An emergency room is NOT a restaurant. There are no reservations, there is no one to wait on you and give you whatever you want when you snap your fingers, nor is anyone obligated to take orders from you. YOU have an emergency, and you are not in a position to be a mean [swear word], because the people you are working so diligently to piss off can decide that your emergency isn't important..... and that leaves you back at square one.

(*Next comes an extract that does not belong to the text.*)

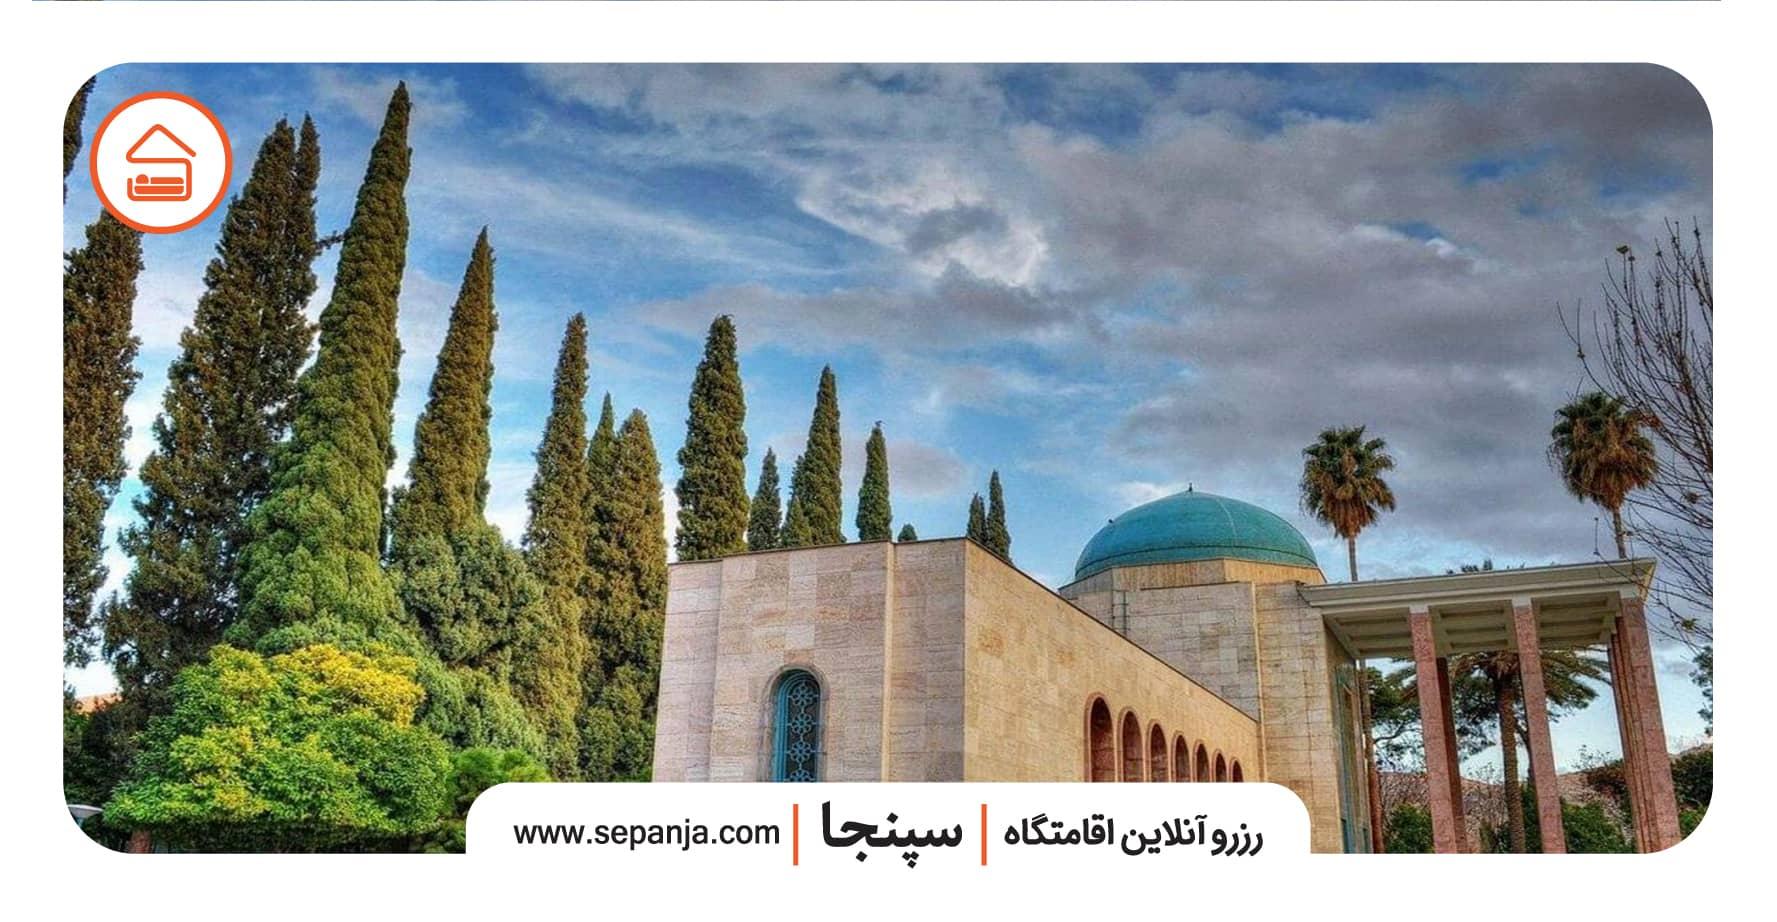 شهر شیراز و نمایی از بهترین جاهای دیدنی شیراز
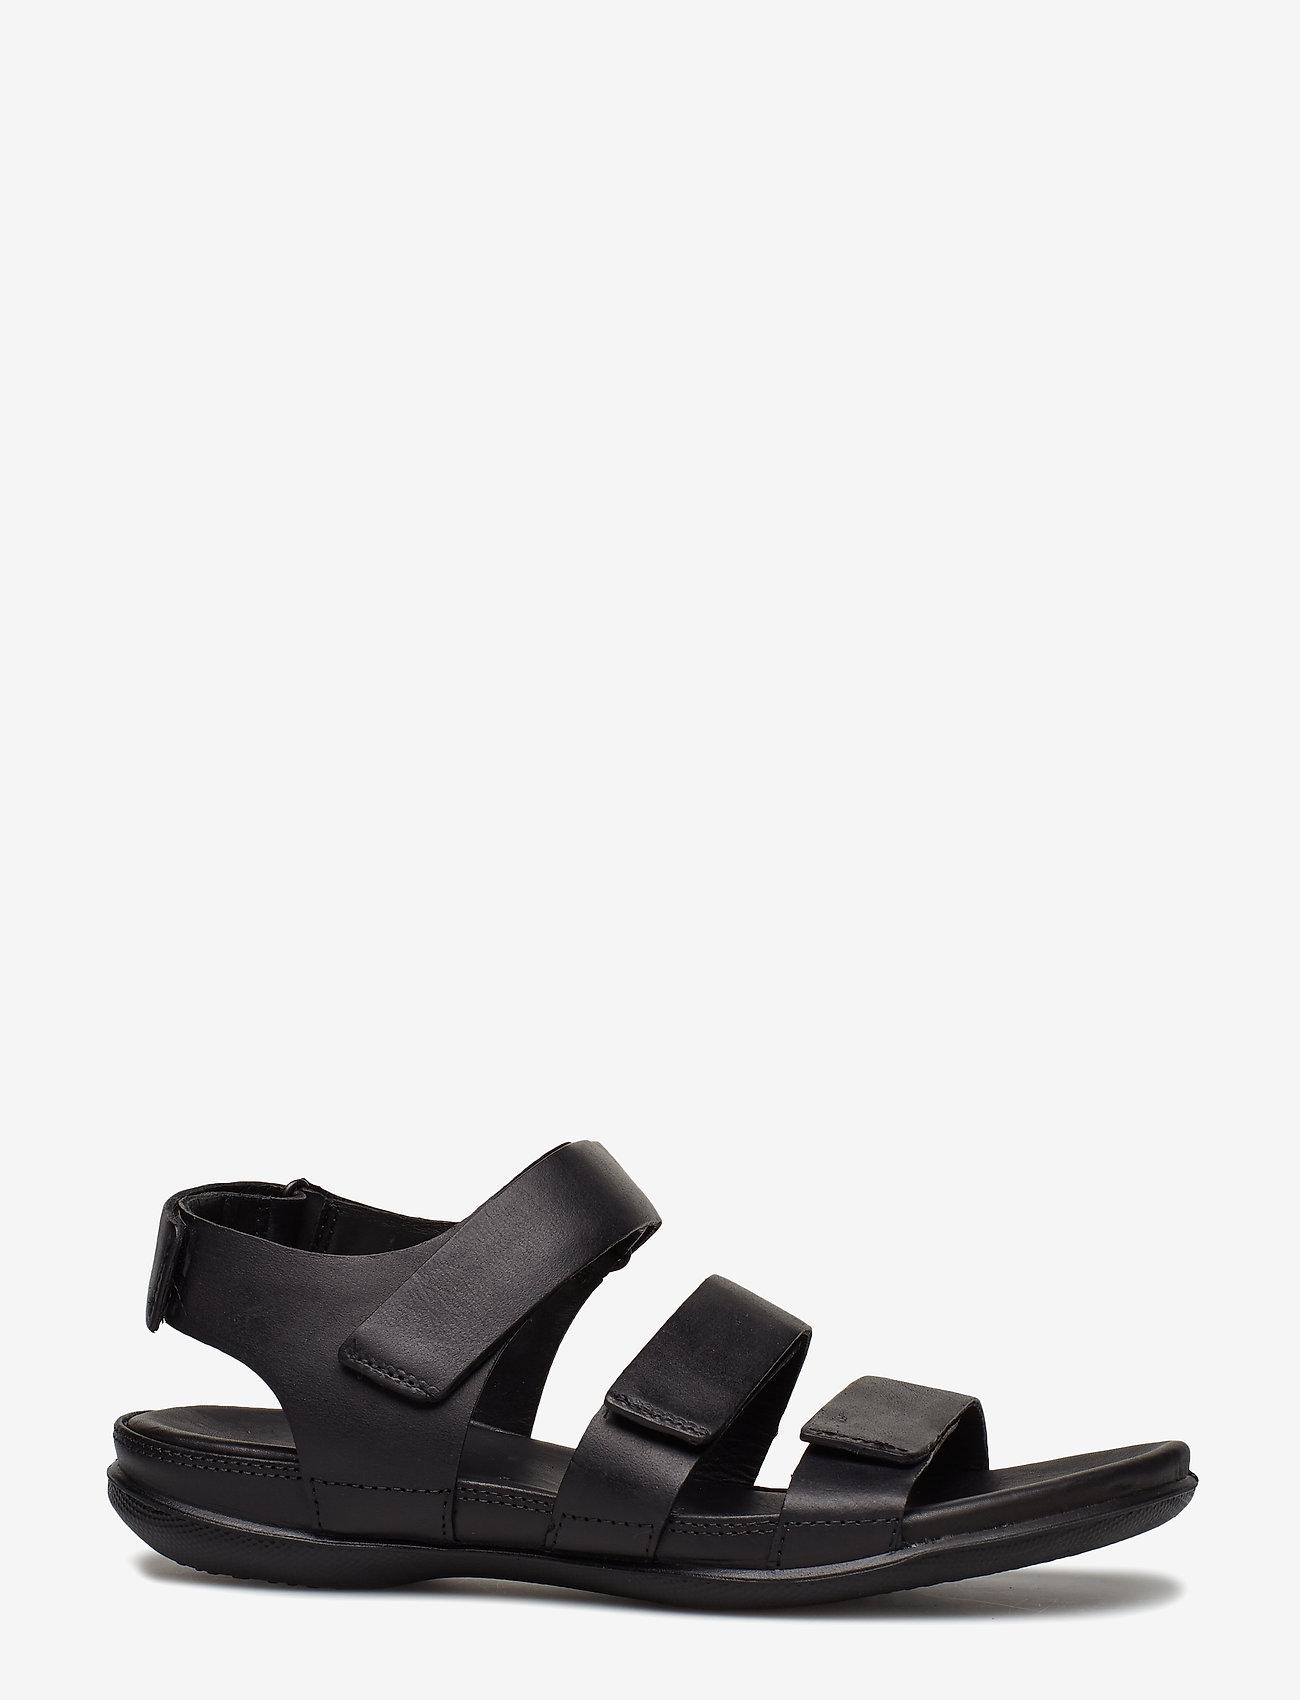 ECCO - FLASH - flat sandals - black - 1

So mister 'I have a business in Market Street and have giant gas guzzling cars' - if your tush gets out of your chair when the waiting room is standing room only, every man for himself ER - I will **not** hold your spot. Didn't you ever hear the saying, 'move your meat, lose your seat'? And how dare you try to demand that after you walk away for 30 minutes - HALF AN HOUR - that I move once you return so you can have your seat back. This is not a restaurant, and there are no reservations. No no guy, don't mess with me. ESPECIALLY when I'm in pain and clearly have more of an emergency than your moneybags have ever seen or known. Its not my fault that your penny loafers don't know what solid ground feels like since you've apparently bullied everyone around you into thinking they need to act as your footstool. Maybe if you offered me some of your mountains of cash that you brag about, I might be inclined to do you that small favor instead of you demanding that I am lesser than you and therefore should listen to your money. Go buy yourself some manners and social skills.

Next rule

Don't be drunk. Drinking, you see, is supposed to be in moderation. Being DRUNK in a place that's not a bar is considered public intoxication, which will get you arrested. And if you showed up to the hospital drunk, you probably drove. And drinking while intoxicated is illegal. And OH YEAH -- hospital staff do blood tests, and if you have an illegal amount of alcohol in your system, the good old boys in blue will be paying you a visit. Hospital staff, you see, can't be held liable for letting a person who has a BAC over the legal limit back on the street... because you might hit someone, and that someone might sue the hospital for not sending you off safely. So you get to go to jail instead.

Next rule

Dude...... your stab wound, blood stained hands, and dirty torn up clothes tell the whole story. You obviously fought with someone, and they got the better of you. And you look like you were probably not 'fighting' with someone, but rather ATTACKING someone, and they got the upperhand and showed you something you weren't expecting, therefore your crime that you tried to commit just got rained on.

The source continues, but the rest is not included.